Kneel in the deep-fold position, forehead resting on your thighs or the floor (child pose in yoga).
• Place your hands on your lower back, and feel the skin expand and condense as you breathe. Take your time. Be patient. Breathing is essential; it takes time to unwind holding patterns.
• Volumize the body with each breath: the inhalation can be used to touch your own volume inside. Exhalation is a time to surrender, yield, and release.
With a partner:
• Partner A rests in the deep-fold position.
• Partner B places his or her hands on the low-back area, resting them lightly to receive and guide the sensation of the breath.
Be patient; it might take time to wake up back-surface sensation.
TO DO
Three-Part Breath
15 minutes
Releasing holding of muscles and organs of the abdomen can enhance breath.
Lying comfortably on your back:
• Place your hands on your belly. Breathe into this area.
• Imagine a heavy book on your belly; let it rise and fall with each breath.
• Touch your lower ribs. On the in-breath, fill the belly and then expand the circumference of your lower ribs. On the out-breath, soften or condense these areas.
• Touch your upper ribs, under the collarbone and armpits. On the in-breath, fill the belly area, then expand the ribs, and then lift and expand the upper thorax.
• Repeat the three-part breath several times; the bottom fills first.
Eventually, you can exaggerate the movement less. Abdominal support in the front body is active, and the organs are free to move.
TO DANCE
Refreshing What’s Needed—Dancing with a Partner (Susanna Recchia)
15 minutes
Working with a partner activates connection, both to self and to other.
Begin walking, and place your hand on the upper back of someone in the room, then lightly stroke from upper to lower spine.
• Following the sensation of touch, both movers release their body weight toward the floor, starting with the head and upper spine.
• Roll and stand individually; resume walking. You may touch or be touched at any moment.

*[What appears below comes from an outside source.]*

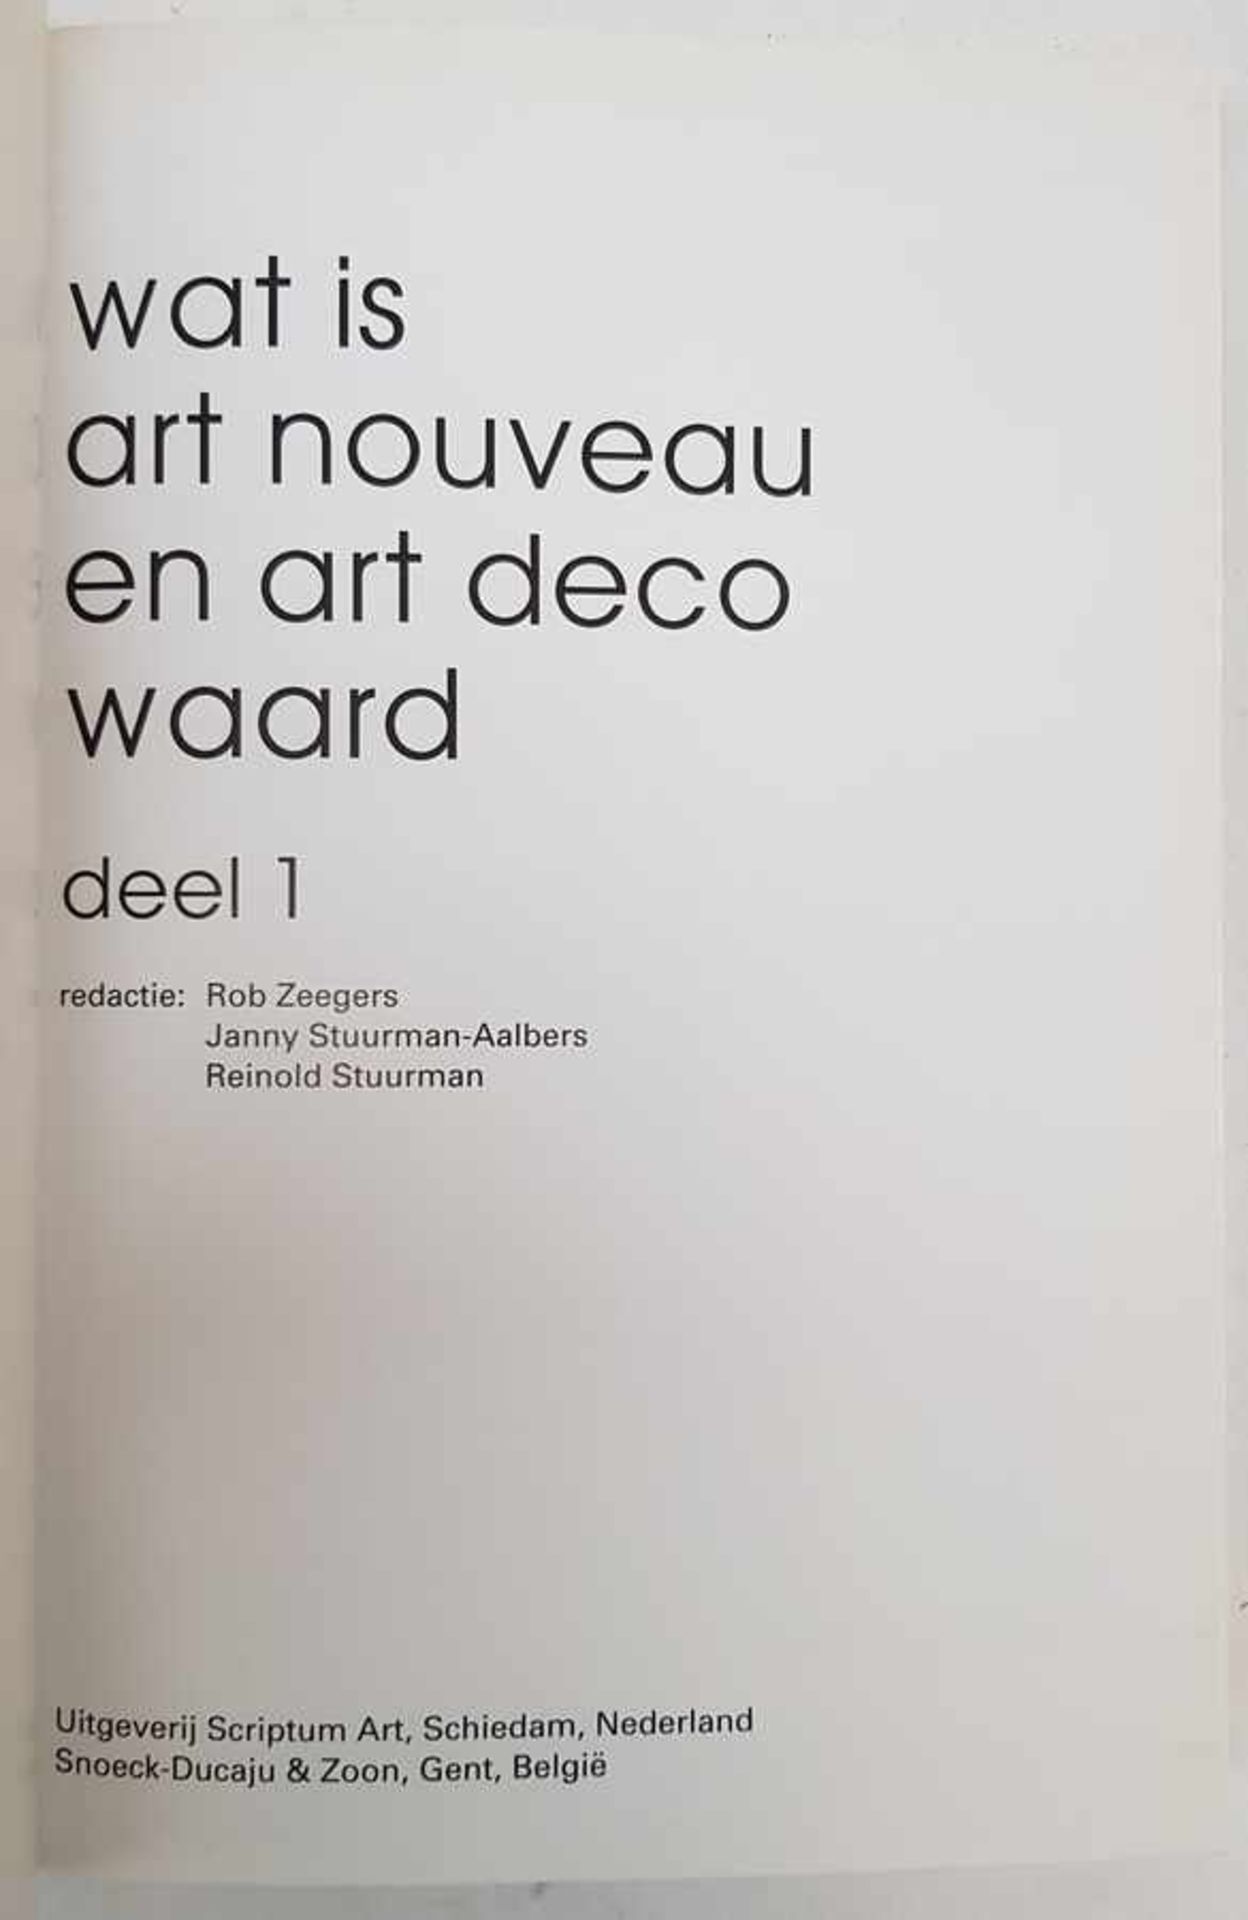 (Boeken) (Kunst) Ron Zeegers e.a. (red.) - Wat is Art Nouveau en Art Deco waard (2dl.)Rob Zeegers - Bild 3 aus 6

• Touch a new partner, rolling down the spine to yield to the floor. Roll, stand, and walk.
• Repeat, keeping the rhythm of walking underlying your exploration. Avoid talking, so you can focus on the sensations of touching and being touched.
• Pause. Find a new partner.
• The toucher places one hand on the partner’s upper back area, behind the heart; prepare to move with your partner in this position.